秀麗な顔が、絶望と後悔に歪む様子は最高の快楽をジャバに与えてくれるだろう。
「うふふ、この生体エネルギー波攻撃、”撃破”の力でアミラス帝国が宇宙を支配していると勘違いされがちなんだけど、実際は危うい力なのよ。強力だけど、使いすぎると倒れるし、無理をすると命まで奪いかねない」
足元でギリギリと歯を食いしばるウィラールをからかうジャバ。
当然、自分たちの弱点は把握している。
特にタレスから戦闘時には力配分に気をつけるよう、また力のみに頼らないよう、耳にタコができるぐらい言い聞かされていた。
ジャバのいうとおり、限界のある力なのだ。
それなのに、ウィラールは怒りのまま無計画に力を振るった。
艦に乗り込む前、大規模掃討作戦でひどく生体エネルギーを消費していたにも関わらずに。
(タレス、タレス、すまない……)
艦内のどこかで事切れている侍従を思う。
感情のままに力を振るうことの愚かさをあれだけ教えてくれていたのに、最後の最後に裏切ってしまった。

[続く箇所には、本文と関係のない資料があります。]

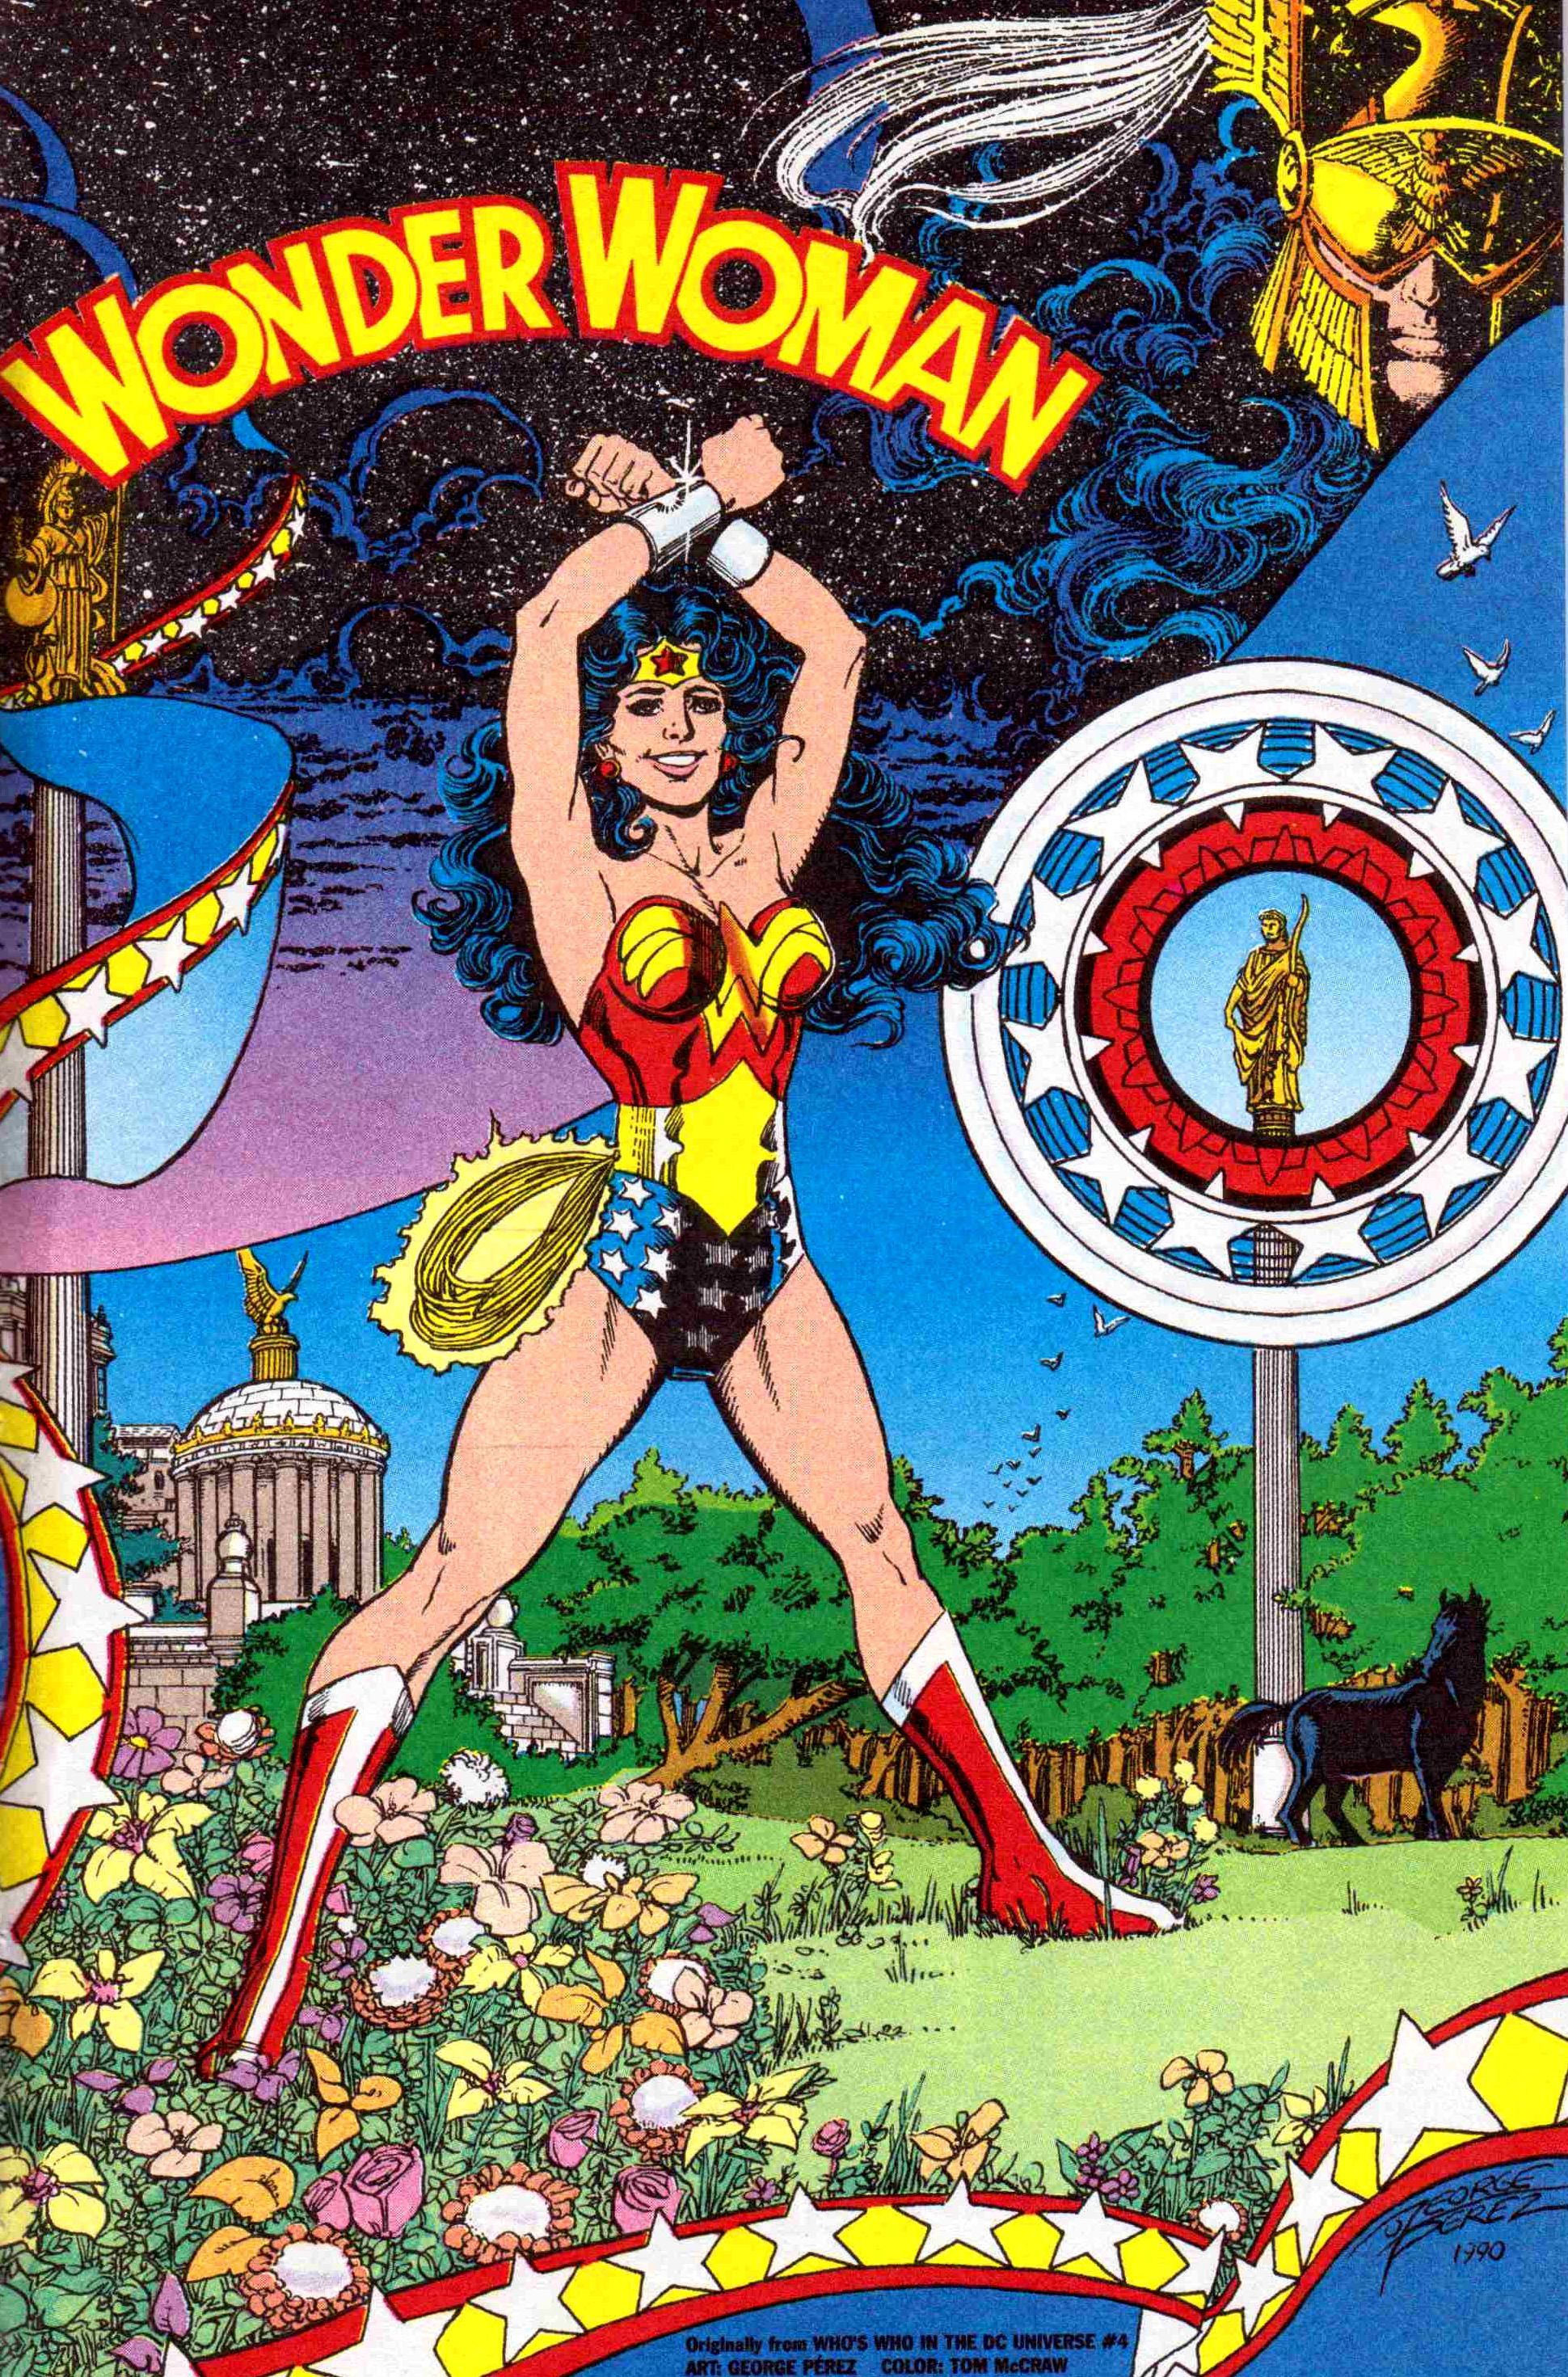 Which comic book artist draws Wonder Woman better: George Pérez or José

「いわば諸刃の剣ってこと!それを補う武器を持ってない相手には、ただ待っていればいいのよ。つまり、撃破は不意打ちかとどめにしか効果がない残念攻撃なのがわかったかしら?タレスちゃんも気の毒ねぇ……こんなお馬鹿皇子に付き従ったせいで、血まみれで一人寂しく死ななくてはならないなんて!タレスちゃんほど優秀だったら、他の帝位継承達からも引手あまただったでしょうに。でも、ウィラールちゃんを選んだって選択自体がタレスちゃんの愚かさを表しているのかもね!」
ミシミシとウィラールの肋骨が音をたてる。
タレスの名前を出した途端、ウィラールの抵抗が大きくなったのにほくそ笑む。
やはり獲物は活きがいいのにかぎる。
「タレスのことを、貴様が、口にするなっ」
口から血泡を吐きながら、ウィラールが叫ぶ。
ウィラールの脳裏に自室に置いた剣がよぎった。
ザガ星を共に戦った愛用の剣。
(あの剣さえあれば……)必死にもがくも、優男の外見に反して置かれた足はピクリとも動かない。